[Material for the task — start]

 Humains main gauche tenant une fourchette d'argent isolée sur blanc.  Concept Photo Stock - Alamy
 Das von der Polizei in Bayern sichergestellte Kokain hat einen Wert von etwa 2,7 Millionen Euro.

[Material for the task — finish]
[Material for the task — start]

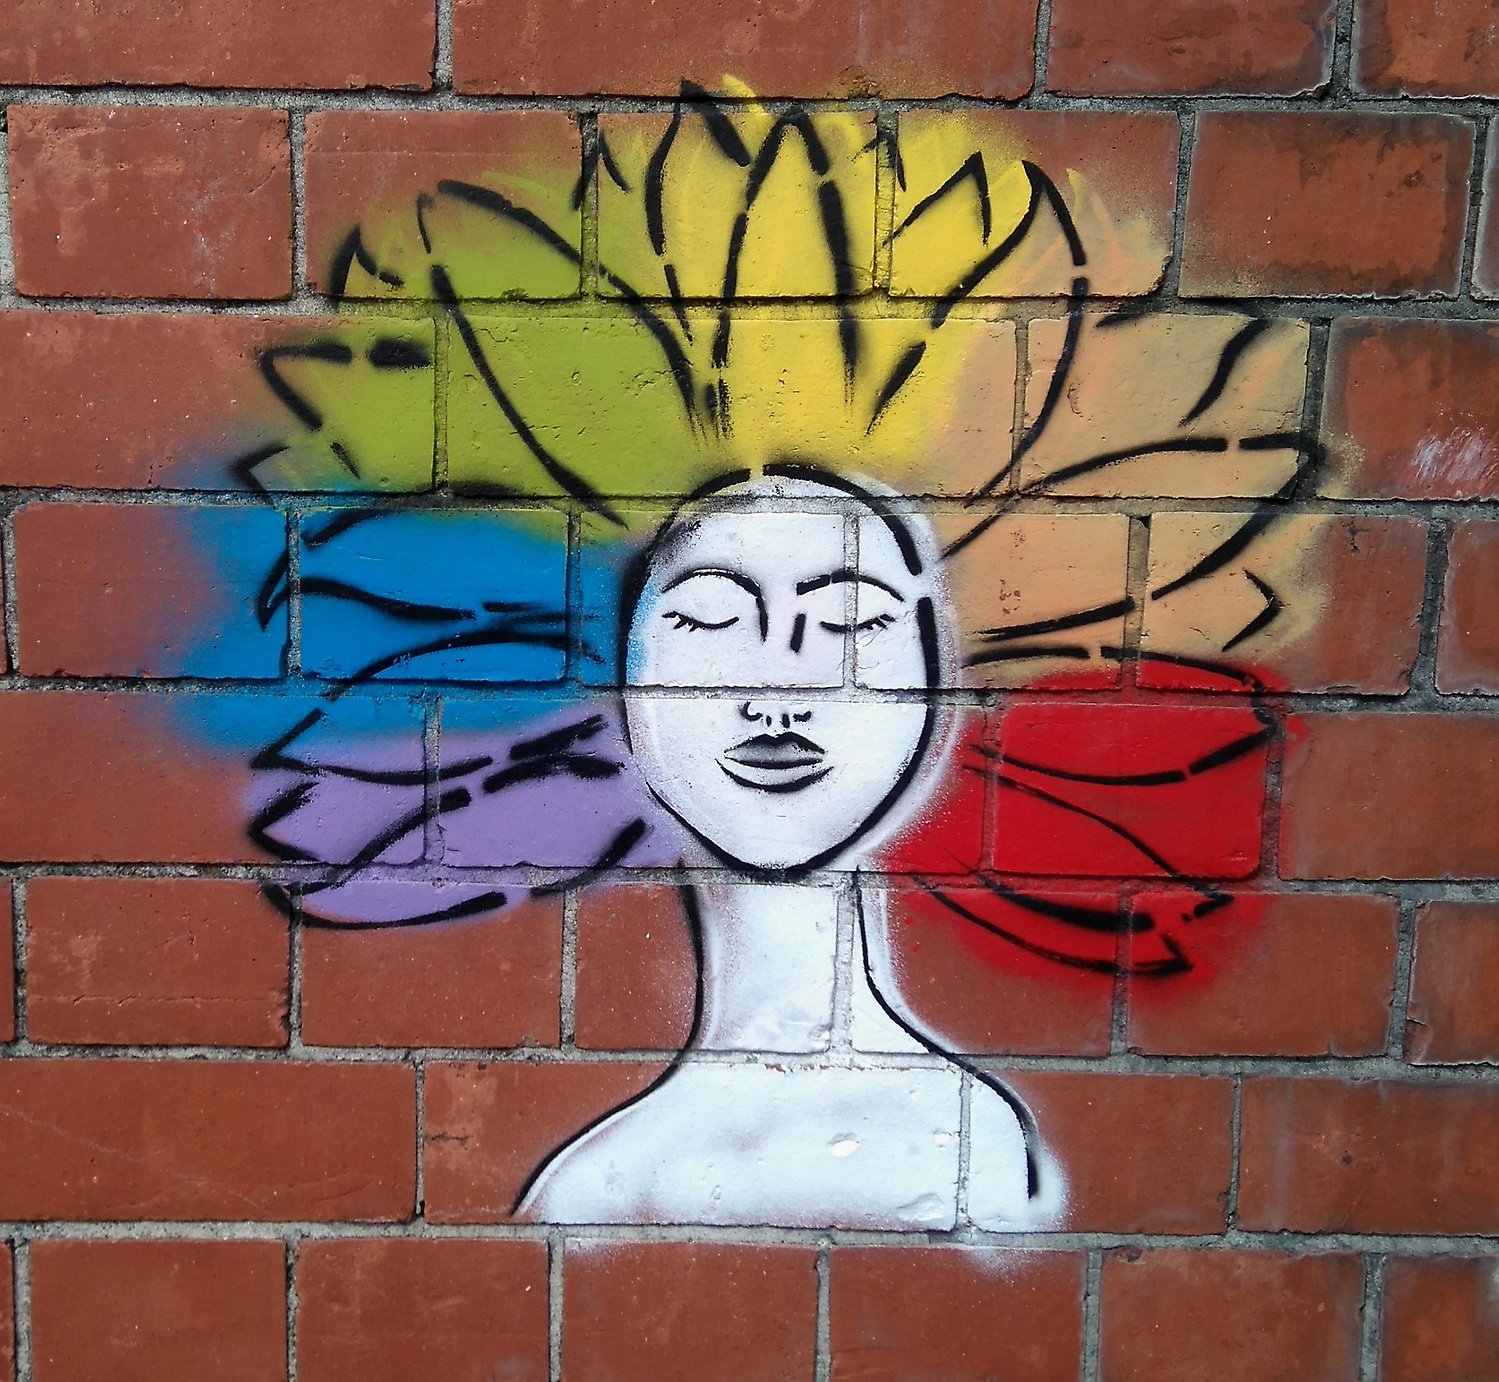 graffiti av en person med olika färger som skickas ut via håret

[Material for the task — finish]
[Material for the task — start]

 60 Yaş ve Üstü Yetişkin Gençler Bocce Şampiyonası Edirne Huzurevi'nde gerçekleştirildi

[Material for the task — finish]

▸ Your instructions: Starting with the line above that holds "Humains main gauche" and stopping with the line that holds "Das von der", reproduce each line exactly, omitting all other lines.

▸ Solution for this task:
 Humains main gauche tenant une fourchette d'argent isolée sur blanc.  Concept Photo Stock - Alamy
 Das von der Polizei in Bayern sichergestellte Kokain hat einen Wert von etwa 2,7 Millionen Euro.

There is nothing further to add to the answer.